Don’t fall out with your relatives….

Sunday 30 September 2007 at 9:17 am | In News | Post Comment

The Mental Capacity Act 2005 comes into force on 1 October. It allows the ending of life of a patient by medical intervention. Bluntly, whilst euthanasia remains illegal it will be possible to kill patients by starving them to death or ceasing medical treatment.

“Living wills”, in which patients can set down what medical treatment they wish to be given, or not given, will be enforceable in law.

Many law students know of the House of Lords decision in Airedale NHS Trust v Bland [1993]. Anthony Bland was in persistent vegetative state from the age of 17 to 21, the hospital supported by his parents asked the court for permission to discontinue food and water, the House of Lords granted the request, and after a few weeks, he was dead.

The new Office of the Public Guardian will investigate complaints about the law. A Court of Protection has been set up to settle disputes.

If a doctor were to treat a patient against their wishes it will be an unlawful act and he/she could be prosecuted or face a claim for compensation.

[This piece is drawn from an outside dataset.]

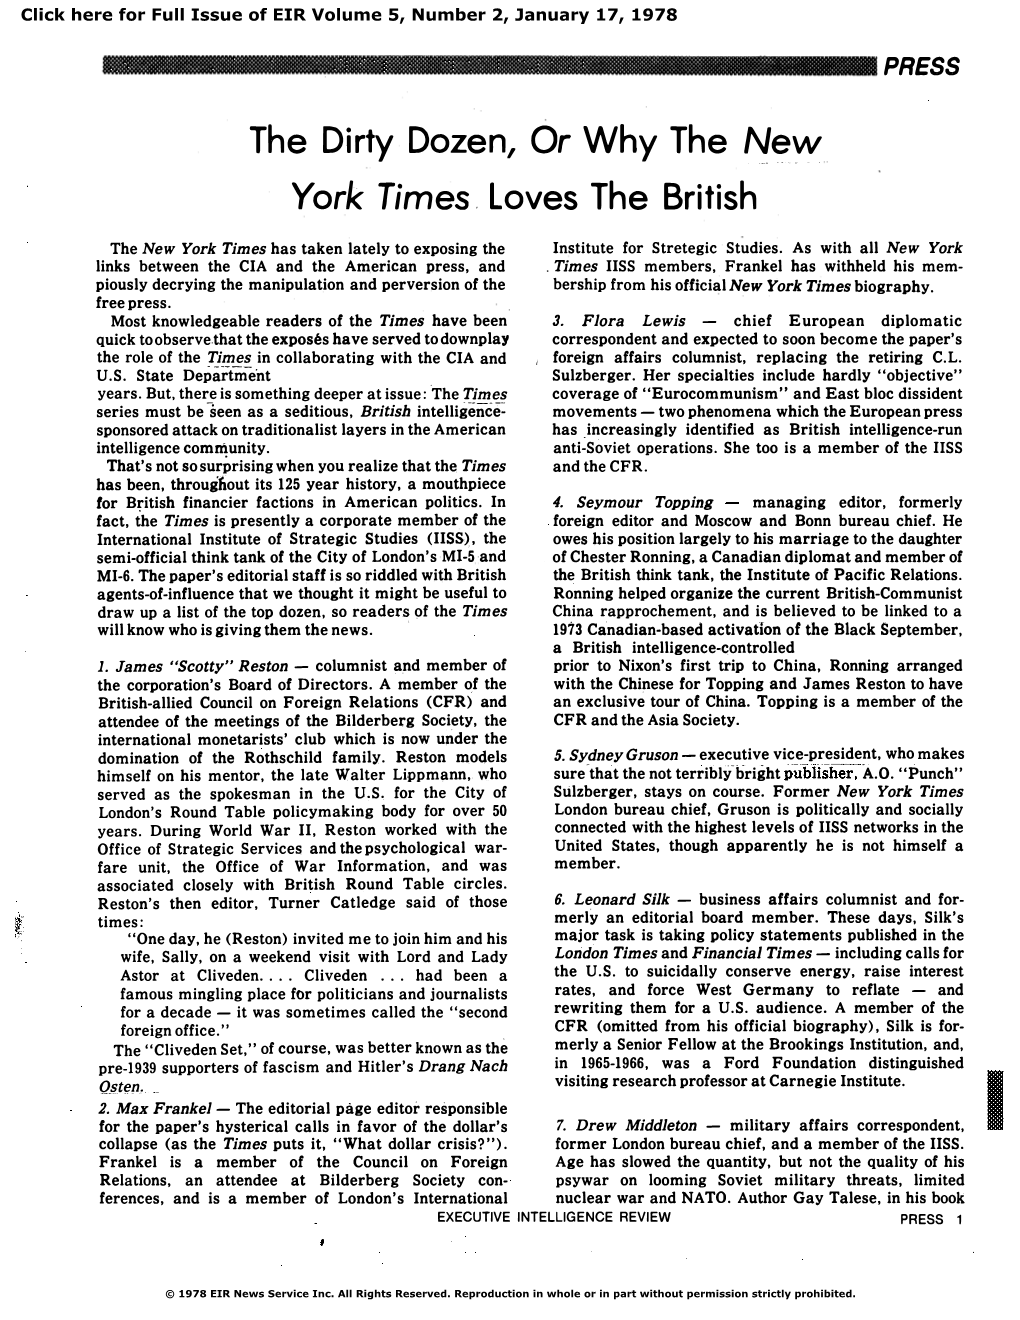 The Dirty Dozen, Or Why the {New York Times} Loves the British

The Islamic Medical Association has followed the Catholic Church’s earlier response in saying that its doctors should break the law, rather than comply with so-called ‘living wills’.

After the Bland case, Catherine Roberts was in a coma; doctors in Bournemouth were going to pull the plug of her breathing apparatus. Twenty-six-year-old Catherine blinked at her mother and poked her tongue out just one day away from her planned death.Catherine Roberts

Prison numbers reach all-time high

Saturday 29 September 2007 at 6:53 am | In News | Post Comment
Latest prison figures:
Prison Population September 2007 = 81,135
All time high, September 2007 = 81,135
Maximum capacity = 81,915

Source Ministry of Justice figures

New County Court fees from 1st October.

Wednesday 26 September 2007 at 5:33 am | In News | Post Comment
From 1st October the fees for using the small claims track in the County Court will change. For starting a very small claim, the fee goes down from £30 to £25. Although the Starting Fee is lowered overall most claimants will pay more.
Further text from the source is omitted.